Ирина открывает мне дверь лишь на четверть.

— Ты зачем?

— Может, я войду сначала?

— Ты зачем, я спрашиваю?

Я нажимаю на дверь, отстраняю ее, вхожу.

Она в халате, и первое, что я вижу — живот. Ну, конечно, у нее уже по меньшей мере половина срока. Она перехватывает мой взгляд, делает какое-то странное движение, и живота нет. Зато на лице злость выступает пятнами. Я знаю это ее состояние, и мне бы сейчас испугаться, а я не боюсь. Она стоит в прихожей и не намерена двигаться с места. Я иду в комнату, сажусь.

— Между прочим, это хамство! — слышу я ее голос.

На столе банка маринованных огурцов, и поскольку я не помню за Ириной пристрастия к острому, то отношу сей продукт к особенности ее состояния. Она, наконец, появляется в комнате.
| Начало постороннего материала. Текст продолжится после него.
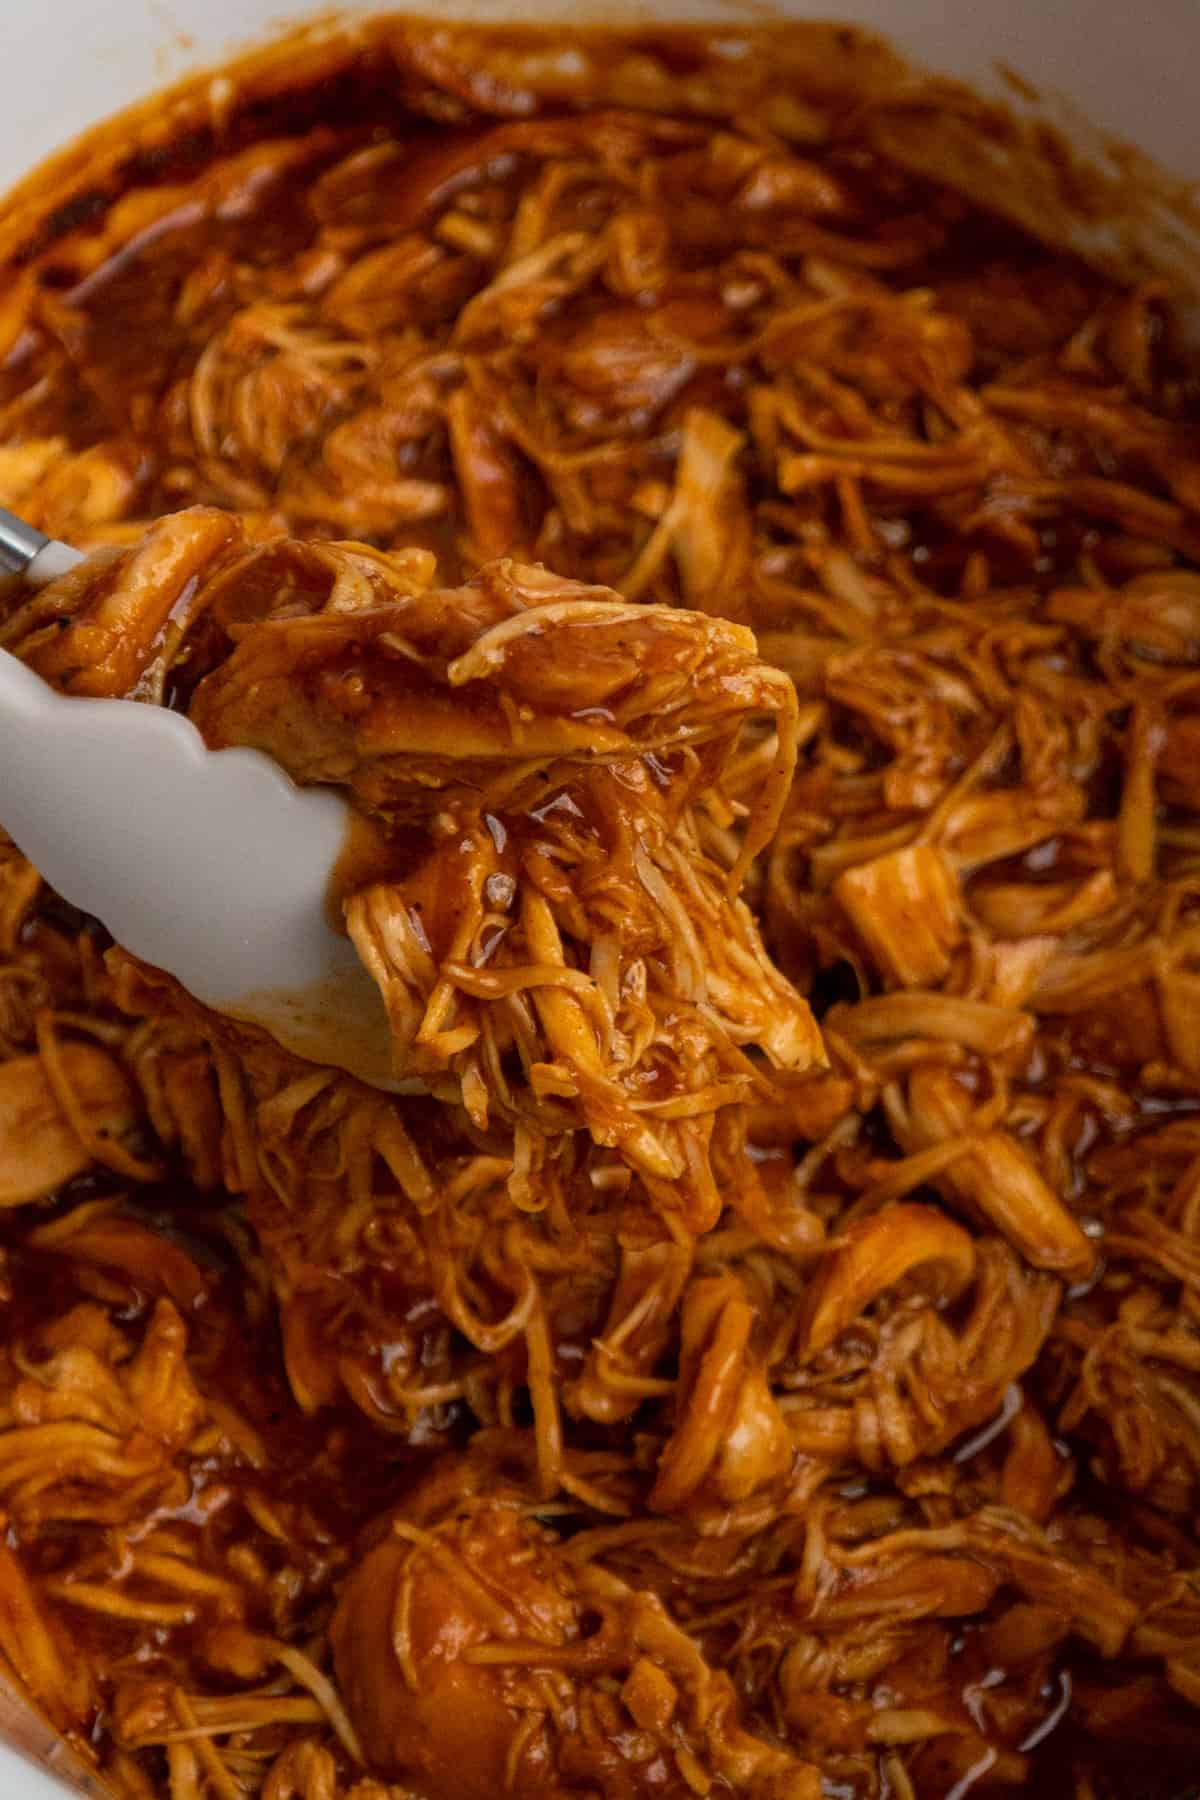 Tongs holding bbq pulled chicken over a crock pot.

Руки она держит особенным образом, чтоб изменить фигуру, и ей так неловко стоять. Я смотрю на нее, и это она и не она… Что-то в ней появилось решительно новое и незнакомое для меня. Мягкость, слабость или еще что-то появилось в лице, хотя оно и злое сейчас. Передо мной будто другая женщина, которой я не знал раньше, и я тихо робею не от ее взгляда, а скорей от своего, словно прилипшего к знакомым, но изменившимся чертам.

— Ну? — говорит она.

— Сядь… пожалуйста, и помолчи.

Да, мне сейчас необходимо, чтобы она сидела напротив и молчала, и мне тоже нужно помолчать, прислушаться к самому себе. Я чувствую, сейчас должно произойти что-то очень важное, может быть, самое главное в моей жизни, я полон тревожных предчувствий, и одно из них — ощущение конца свободы; словно, ранее плывший сам по себе, я теперь попал в несокрушимый поток обстоятельств, которые не просто сильней меня, но они — та единственная реальность, где отныне предстоит мне продолжить свое существование.
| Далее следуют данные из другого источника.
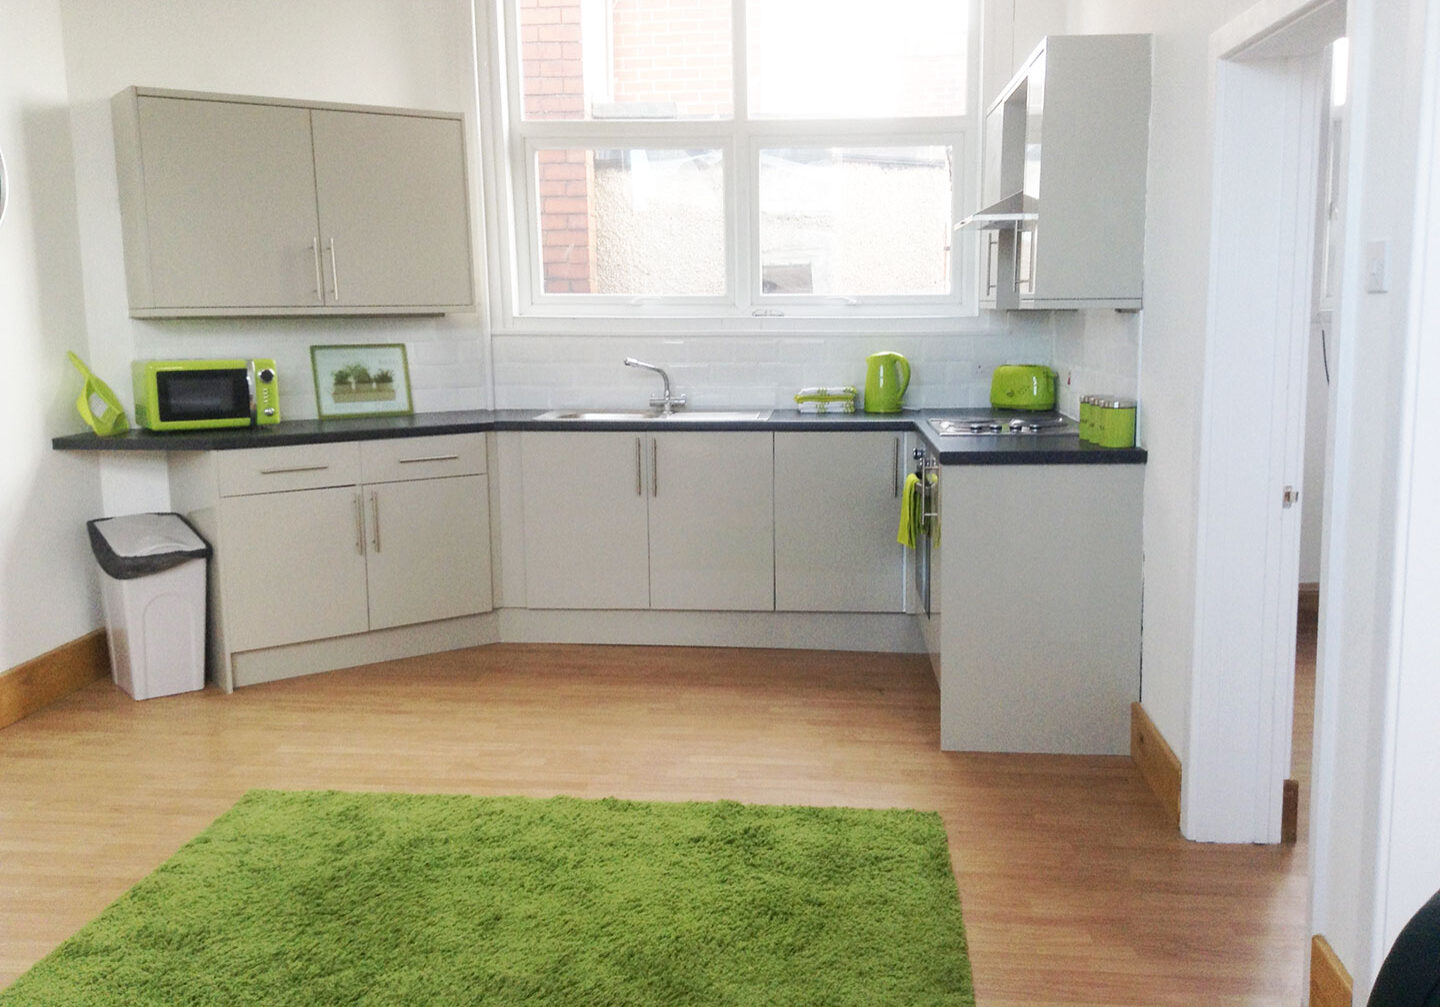 Affordable student accommodation Two bedroom student flat for rent sunderland - student accommodation

Я заставляю себя вспомнить, зачем я пришел. Я пришел, чтоб внести ясность в двусмысленную и нечистую ситуацию, что создалась мной самим, хоть и без дурного умысла. Еще зачем я пришел? Чтобы Ирина помогла мне выпутаться? Наивность. И подлость. На что я рассчитывал? Я хотел, чтобы она, будущая мать моего будущего ребенка, сказала мне: «Ты свободен и не нужен мне». А я при этом поверил бы ей или сделал бы вид, что поверил…

Ирина опускается на стул и делается вся какой-то маленькой, и нет в ней уже ни злости, ни враждебности, передо мной просто маленькая беременная женщина, которую я настолько знаю всю, что это знание готово обернуться решающим обстоятельством, и я чувствую, как уходит от меня, уплывает выношенный и выстраданный образ новой моей жизни. Я еще ничему не даю оценки, не произношу мнения и приговора, все свершается само собой с моим участием, но без моей инициативы.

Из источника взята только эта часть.